HPC Vega Introductory Workshop for SMASH Fellows
Agenda
- First login
- Basic Linux commands
- Data management
- Software stack and environment
- Basic Slurm commands
- Submit the first job
- Job management and fetching the results
- Open OnDemand
- Slurm reports
First login on HPC Vega
Once you have an account, log into cluster using a two-factor authentication (2FA) and secure shell (SSH).
HPC Vega has 8 login nodes which are used for:
- Interactive work.
- Submitting jobs via Slurm or Nordugrid ARC.
- Preparation of environment.
- Compilation of codes.
- Transferring data from the cluster to your workstation (scp, sftp, dCache, xrootd,..)
- ...
You can choose one of the following login nodes:
- Log in on one of the eight login nodes.
ssh <username>@login.vega.izum.si
- Log in on one of the four login CPU nodes.
ssh <username>@logincpu.vega.izum.si
- Log in on one of the four login GPU nodes.
ssh <username>@logingpu.vega.izum.si
Logout
$ exit
Verbose mode: ssh -vvv
Basic Linux commands
Working with bash shell..
- ls - list directory content
- pwd - print working directory
- cp - copy file(s)
- mv - move file(s)
- rm - remove file(s)
- mkdir - create directory
- rmdir - remove directory
- touch - create blank file
- cat - print the file content
- grep - search by provided string within file(s)

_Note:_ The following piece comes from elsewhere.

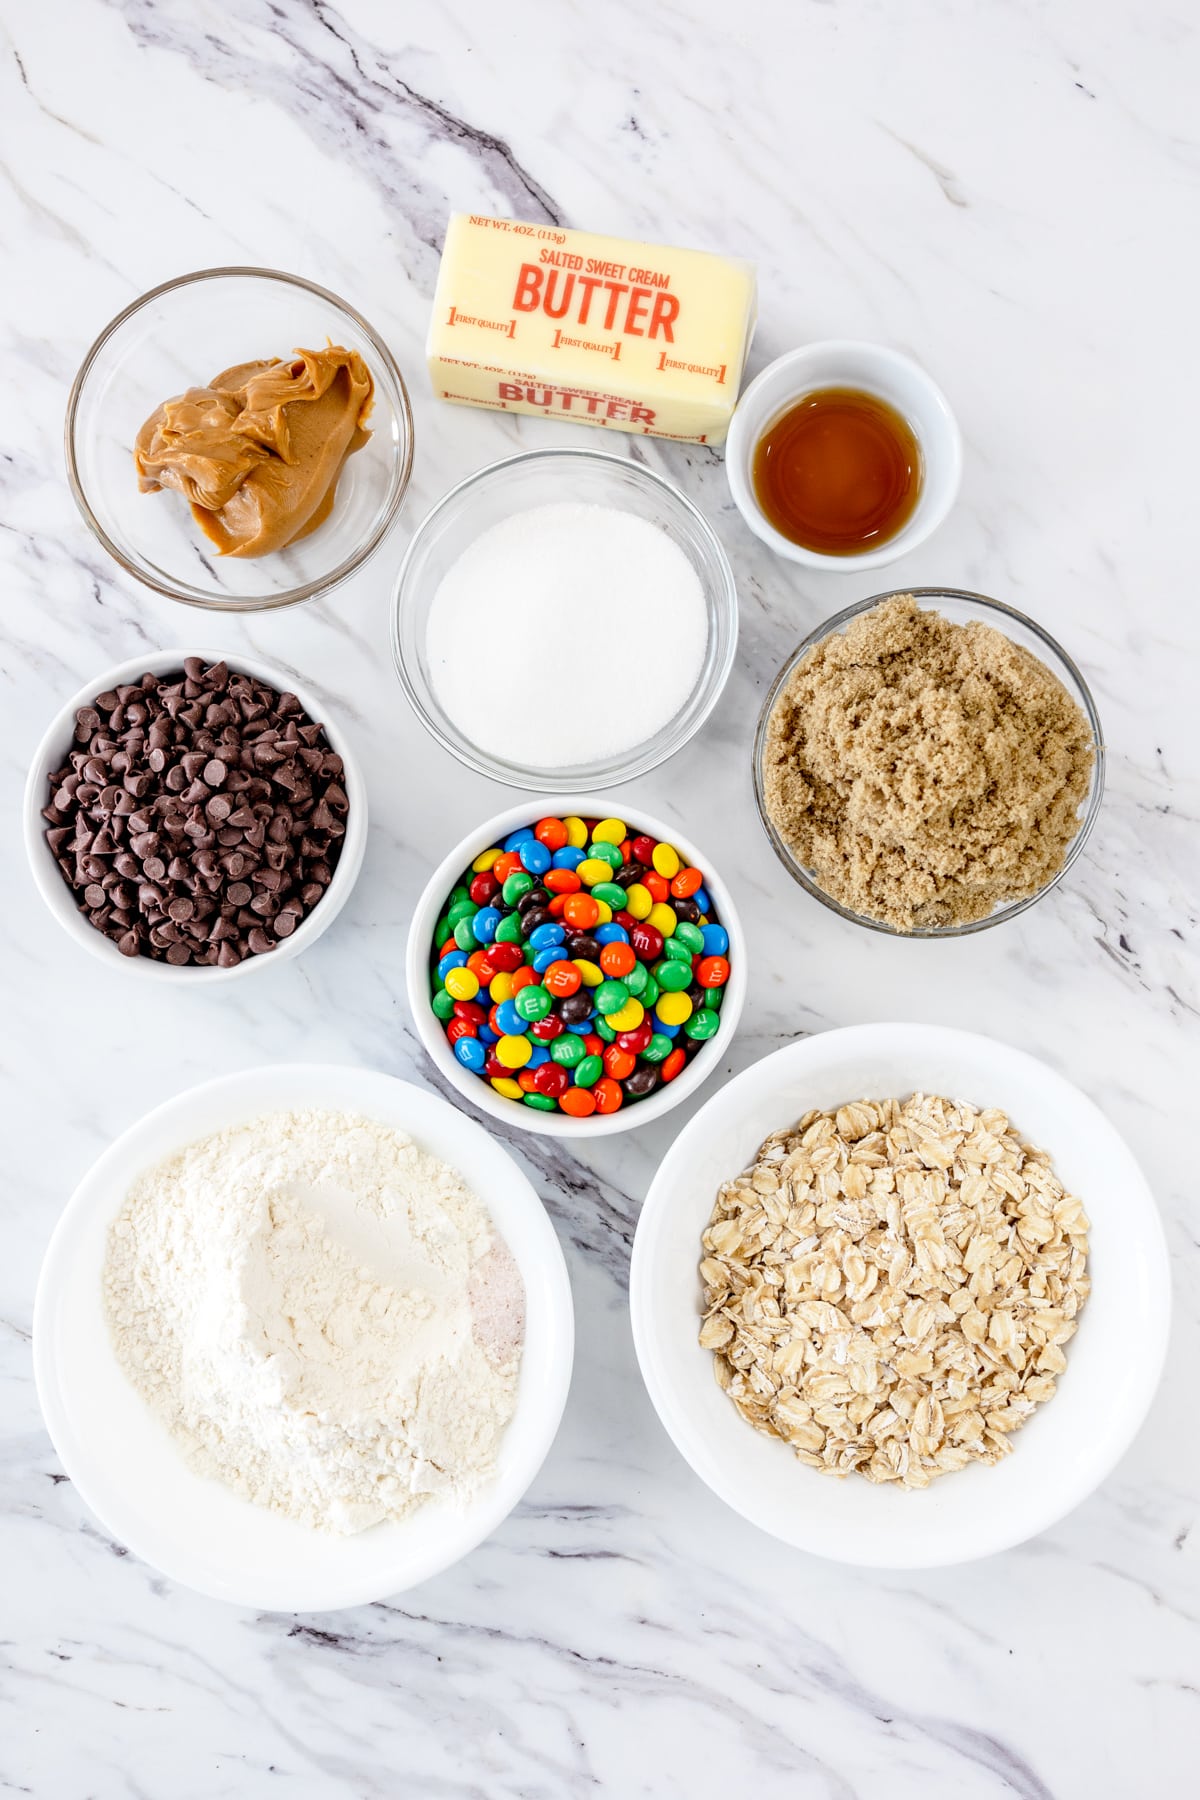 Top view of ingredients needed to make Monster Cookie Dough in small bowls on a baking tray.

- watch - monitor changes in command output
Data management
Backup
- There is no backup on Vega.
/ceph/hpc/home/$USER
is storage for project duration with a quota of 100GB.- All the rest is treated as temporary data (unless otherwise agreed
support@sling.si
).
Directories
Project directories on Ceph (fs) with a quota per project.
/ceph/hpc/data/
Scratch directories on Ceph (fs) with a quota of 20GB.
/ceph/hpc/scratch/user/
Project directories on Lustre (fs) with a quota per project.
/exa5/data/
Scratch directories on Lustre (fs) with a quota of 20GB.
/exa5/scratch/user/
Software stack and environment
Modules
- Software is available as loadable Modules.
- Modules allow a set of combinations of different versions of the software.
- Users can request additional modules
support@sling.si
.
Currently available modules on cluster:
module avail
Is PyTorch available?
module avail PyTorch
Module information:
module show Python
module show PyTorch/2.0.1-foss-2022a
Load specific module:
module load Python/3.11.3-GCCcore-12.3.0
Currently loaded modules:
module list
Check Python version:
python3 -V
Remove currently loaded modules:
module purge
Check Python version (system):
python3 -V
Containers
Singularity is a platform designed to create and run containers within a supercomputer environment. Containers have access to a common operating system, file system, and software installed on nodes.
Advantages:
- High level of portability.
- Repeatability of containers (definition files).
- Isolation.
- Security (namespaces, cryptographic signatures).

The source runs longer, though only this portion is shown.